С точки зрения Догена Дзэньи, тендзо должен быть одним из самых зрелых и дотошных учеников в монастыре. Если его практика не будет такой, какой должна быть практика тендзо, от этого, по мнению Догена Дзэньи, пострадает жизнь всего монастыря. Но совершенно очевидно, что Доген Дзэньи, описывая качества тендзо и давая указания, как он должен работать, имеет в виду вовсе не тендзо. Он говорит о жизни любого ученика дзэн, любого бодхисаттвы. И поэтому это очень поучительное и уместное чтение.
Что же мы находим в описании жизни этого просветленного тендзо? Какое-нибудь мистическое видение? Какое-нибудь восторженное состояние? Ничего подобного. Многие главы посвящены тому, как отделять песок от риса или рис от песка. Это описывается очень-очень подробно. Ничто, что связано с ведением кухни, не остается в стороне: Доген Дзэньи пишет о том, как класть черпак, как вешать черпак и так далее.
Разрешите мне зачитать вам один параграф. «Вы не должны небрежно выливать воду, которая осталась после мытья риса. В былые времена использовался матерчатый мешок для того, чтобы профильтровать воду, прежде чем вылить ее. Когда рис промыт, положите его в котелок. Позаботьтесь о том, чтобы в него случайно не попала мышь. Ни в коем случае не позволяйте никому, кто случайно проходит через кухню, совать всюду свои пальцы или заглядывать в котелок».
О чем говорит Доген Дзэньи? Он пишет это не для тендзо. Чему он учит?
Доген Дзэньи пересказывает известную историю. Если мы поймем эту историю, мы по-настоящему поймем, что же такое практика дзэн. Будучи юношей, Доген Дзэньи отправился в Китай, чтобы посетить монастыри и пройти обучение. И однажды в одном из них, в очень жаркий июньский полдень, он наблюдал, как упорно работал пожилой тендзо, разбрасывая по соломенному мату морские водоросли, чтобы высушить их на солнце.
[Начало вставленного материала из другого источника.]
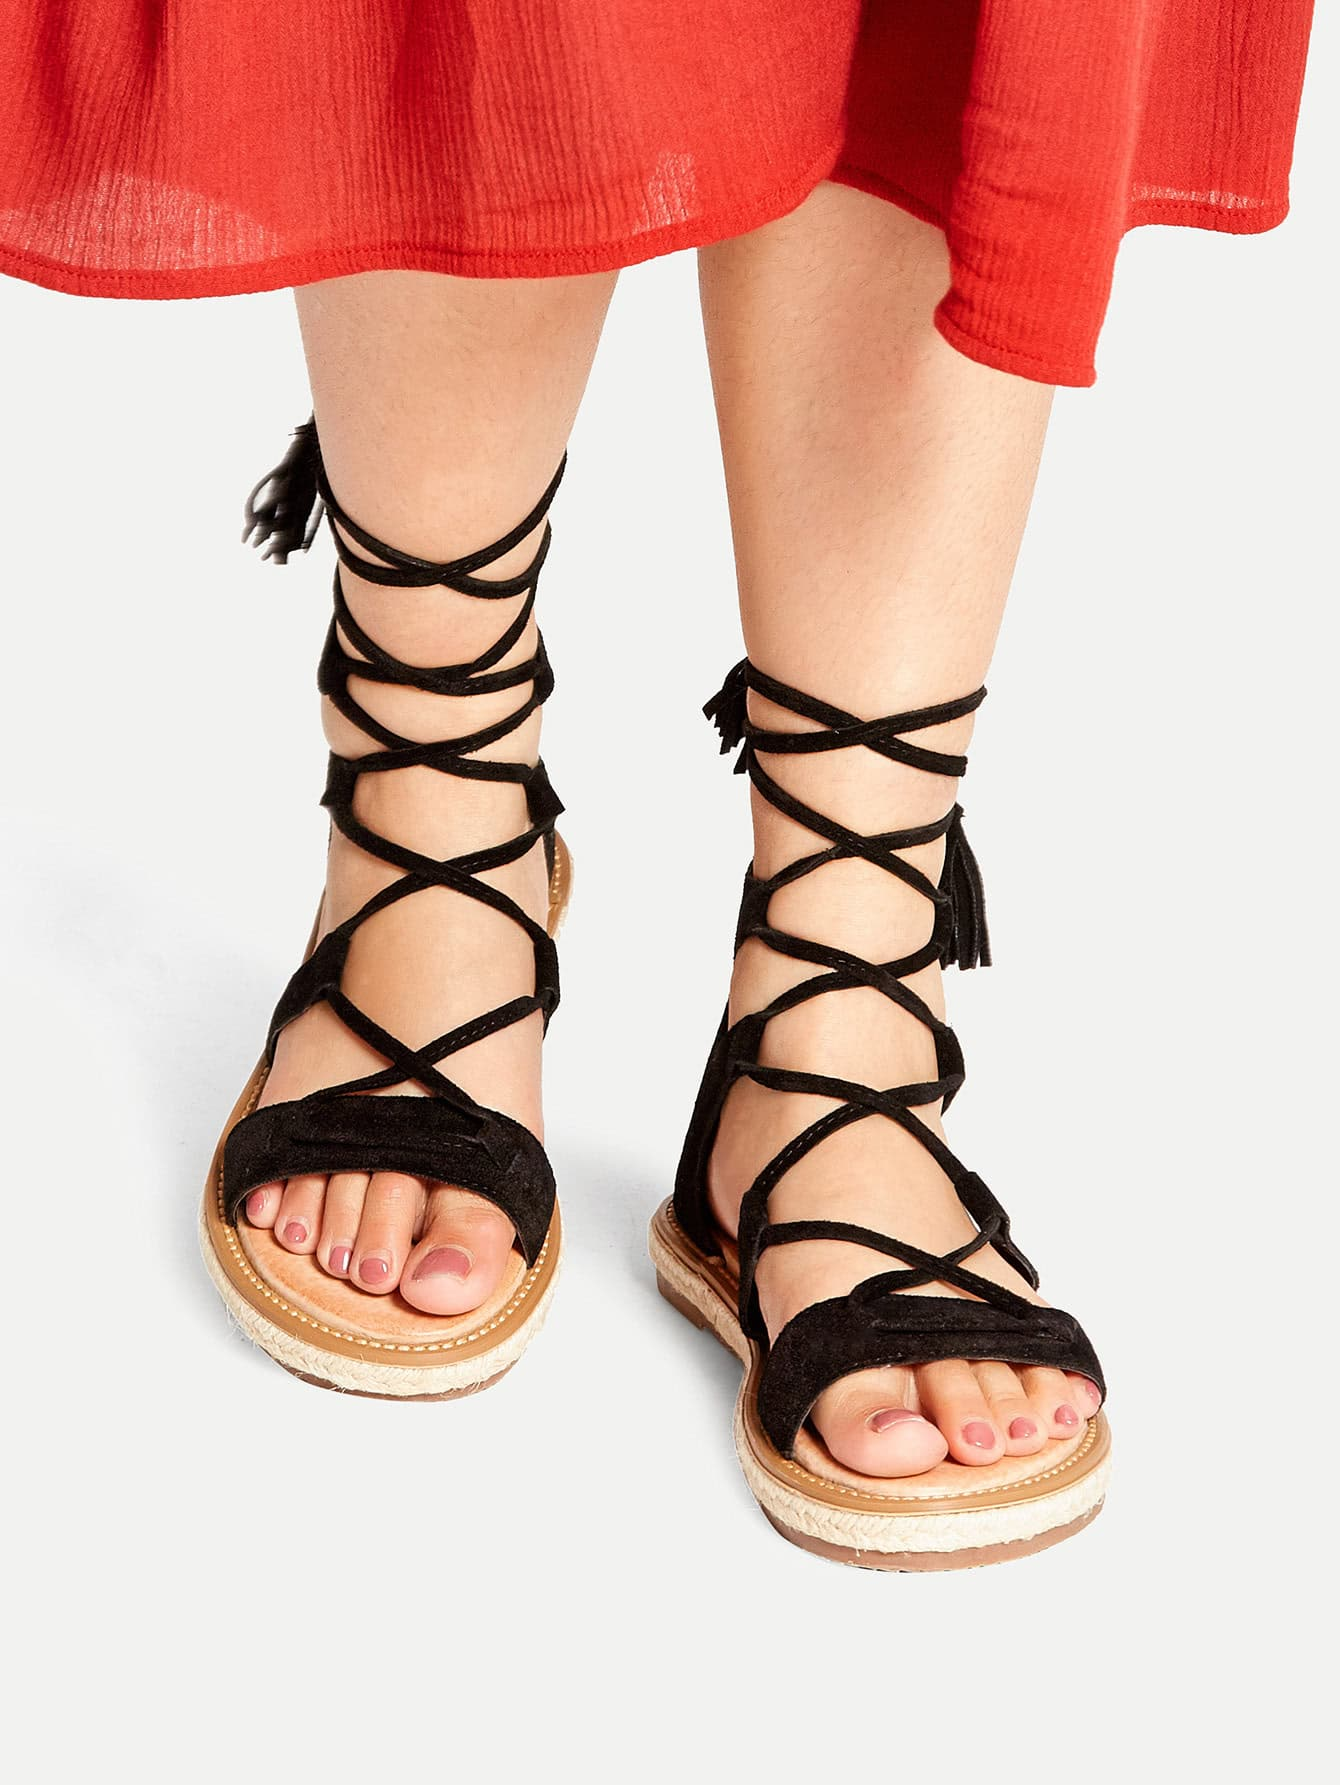 shoes170321811_3

Он держал в руках бамбуковую палку. Его голова была не покрыта. Солнце палило так нещадно, что камни, которыми была выложена тропа, обжигали его ноги. [Он] работал, и весь был в поту. Я ничем не мог помочь ему, но я чувствовал, как тяжела его работа. Кожа на его согнутой спине была туго натянута, длинные брови были белыми, как у журавля.
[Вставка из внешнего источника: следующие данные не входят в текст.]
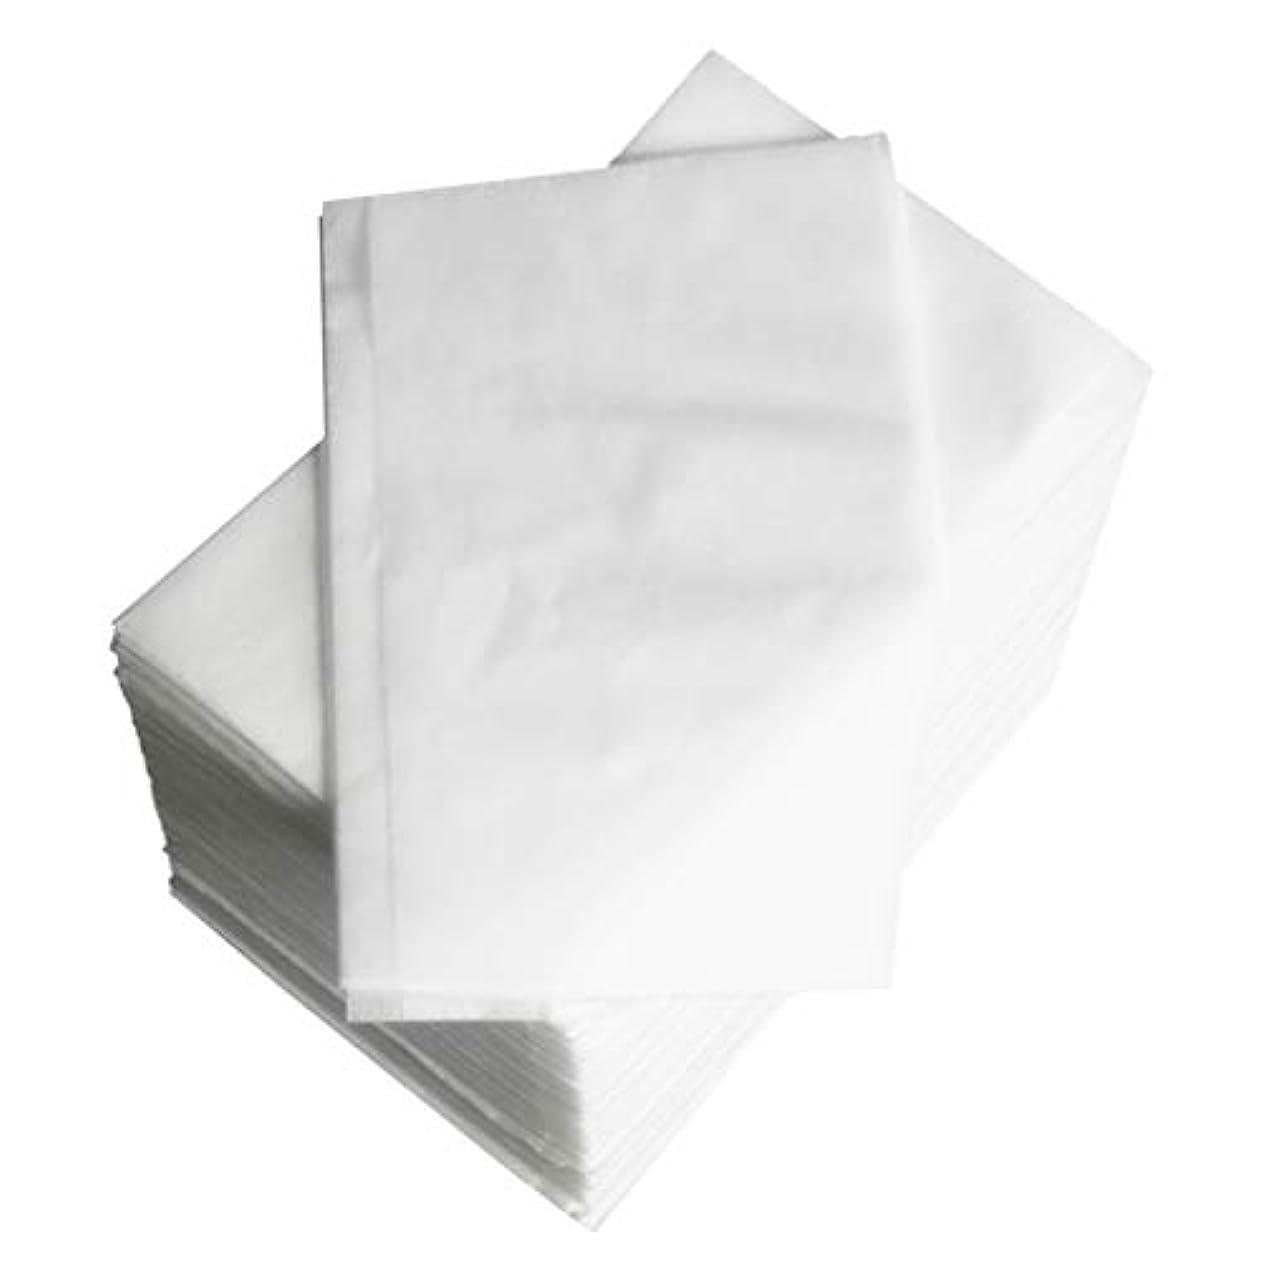 マカダム資金評判約100個 使い捨て マッサージ テーブルシーツベッドカバー 80×180cm 不織布 ブルー - 白

Я подошел к нему и спросил, сколько ему лет. Он ответил, что ему шестьдесят восемь. Тогда я спросил, почему он пе воспользуется ничьей помощью.
— Другие люди — это не я, — ответил он.
— Ты прав, — сказал я, — я вижу, что твой труд — это дхарма Будды, но зачем ты так тяжело работаешь на палящем солнце?
— Если я не сделаю этого сейчас, когда еще я смогу это сделать? — ответил он.
Больше мне нечего было сказать. Продолжая свой путь, я начал в душе ощущать истинный смысл роли тендзо.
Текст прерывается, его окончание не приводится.